Six weeks earlier, Jessica picked up her first win behind the wheel of a modified when she became the first woman to win a modified race at Utica-Rome — “My first win since becoming a mom” —  but on July 10 at Fonda, the Sprakers native — whose father, Ray Zemken, had an accomplished driving career of his own in the family’s No. 1Z car — became the first woman to pilot a modified to victory at the venerable “Track of Champions.”

She’d won at the track twice before in a 360 sprint car, but the modified win meant something more — not least considering who came across the finish line just after she’d taken the checkered flag.

Finishing second? That would be Stewart, whose resume at Fonda is none too shabby with 77 feature wins — including nine this season — since debuting at the circuit in 2010, ranking fourth all-time in the track’s signature modified division.

“We’ve been trying to get Jess a win in the modified division for four or five years now, ever since she got back to racing,” Stewart said. “Finally getting it done was a special night for us, and our whole team.”

In tow with Jessica for the victory lane celebration — as he often is for both of his parents — was little Parker.

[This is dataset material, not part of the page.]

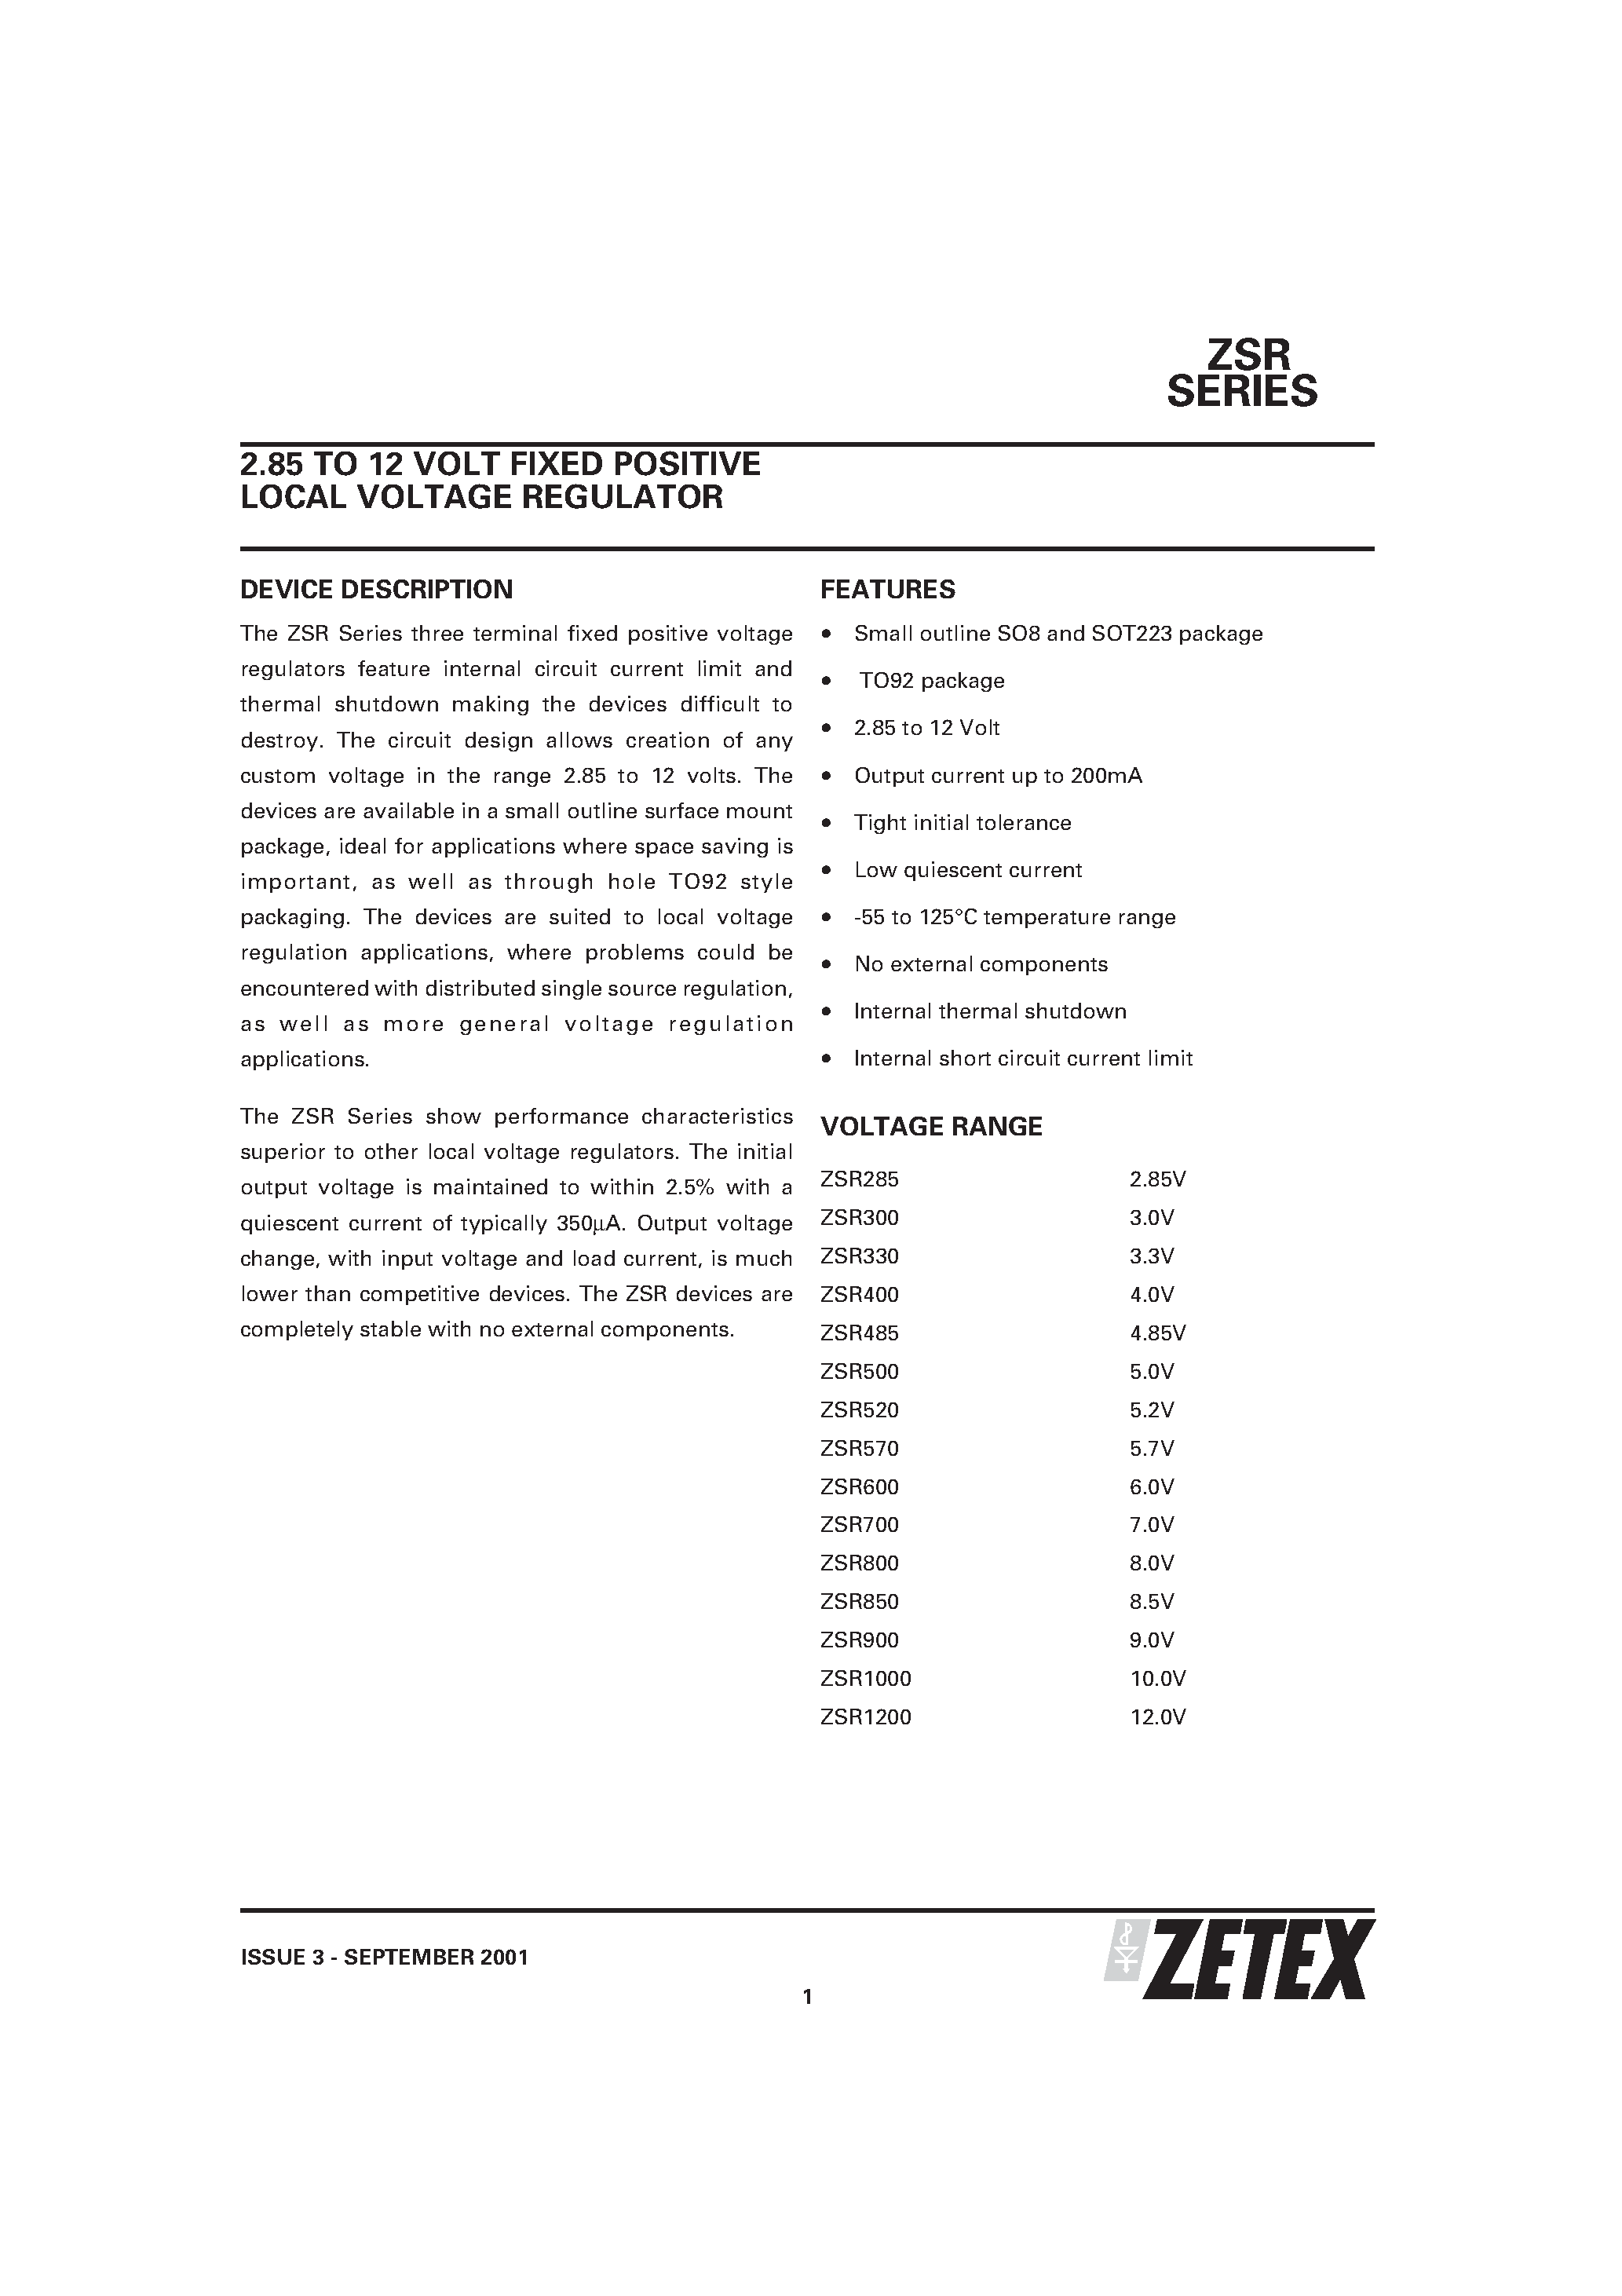 Datasheet ZSR285 - 2.85 TO 12 VOLT FIXED POSITIVE LOCAL VOLTAGE REGULATOR page 1

“Parker’s doing very well, and not having to have so much therapy. He’s able to travel with us more,” Jessica said. “For me to be able to race more just depends on his schedule. He loves doing it. It’s like a social gathering for him. When we go to the races on Friday night, he knows which kids are going to be there, what his schedule for the rest of the night is going to be, and on Saturday as well. He looks forward to it as much as we do now. We know he’s happy.”

The Friesens’ experience raising Parker has also spurred the couple into charity work for autism awareness. They’re in the process of starting a public charity, Aim Autism, in conjunction with their main racing sponsor, Halmar International, and much of this week’s non-racing work was preparation for a massive fundraising chicken barbecue prior to Saturday’s racing action at Fonda Speedway.

The Friesens first hosted the event in 2019, raising nearly $15,000 for Schenectady’s Crossroads Center for Children. Though restrictions brought on by the novel coronavirus pandemic forced the fundraiser to be put on hold in 2020, the plans were to try and top the donation total with this year’s event.

It made Wednesday afternoon a very busy one in the One Zee Tees shop, where Jessica and her crew had to get 500 t-shirts ready for the event, while Stewart was up the road at the race shop with a couple of crew members from his North Carolina-based Halmar Friesen Racing Truck Series team getting work done on some of their dirt track cars while NASCAR is on its two-week hiatus for the Summer Olympics.

“No truck race just means more modified races,” Jessica said.

Getting everything done is a concerted team effort.

“We have a lot of very good people that help with everything,” Jessica said. “It’s not like it’s just all me.”

“My very good person is her,” Stewart interjected.

It’s a wild life, but being busy is just how the Friesens like it. They stay centered with a couple days a month with Parker and their dog Charlotte at the family’s camp on Caroga Lake, but the hustle and bustle of the racing grind is everything they signed up for.

“This is sane for us,” Stewart said. “It’s all we know.”

“When we’re not going,” Jessica added, “we don’t know what to do. We’re always going.”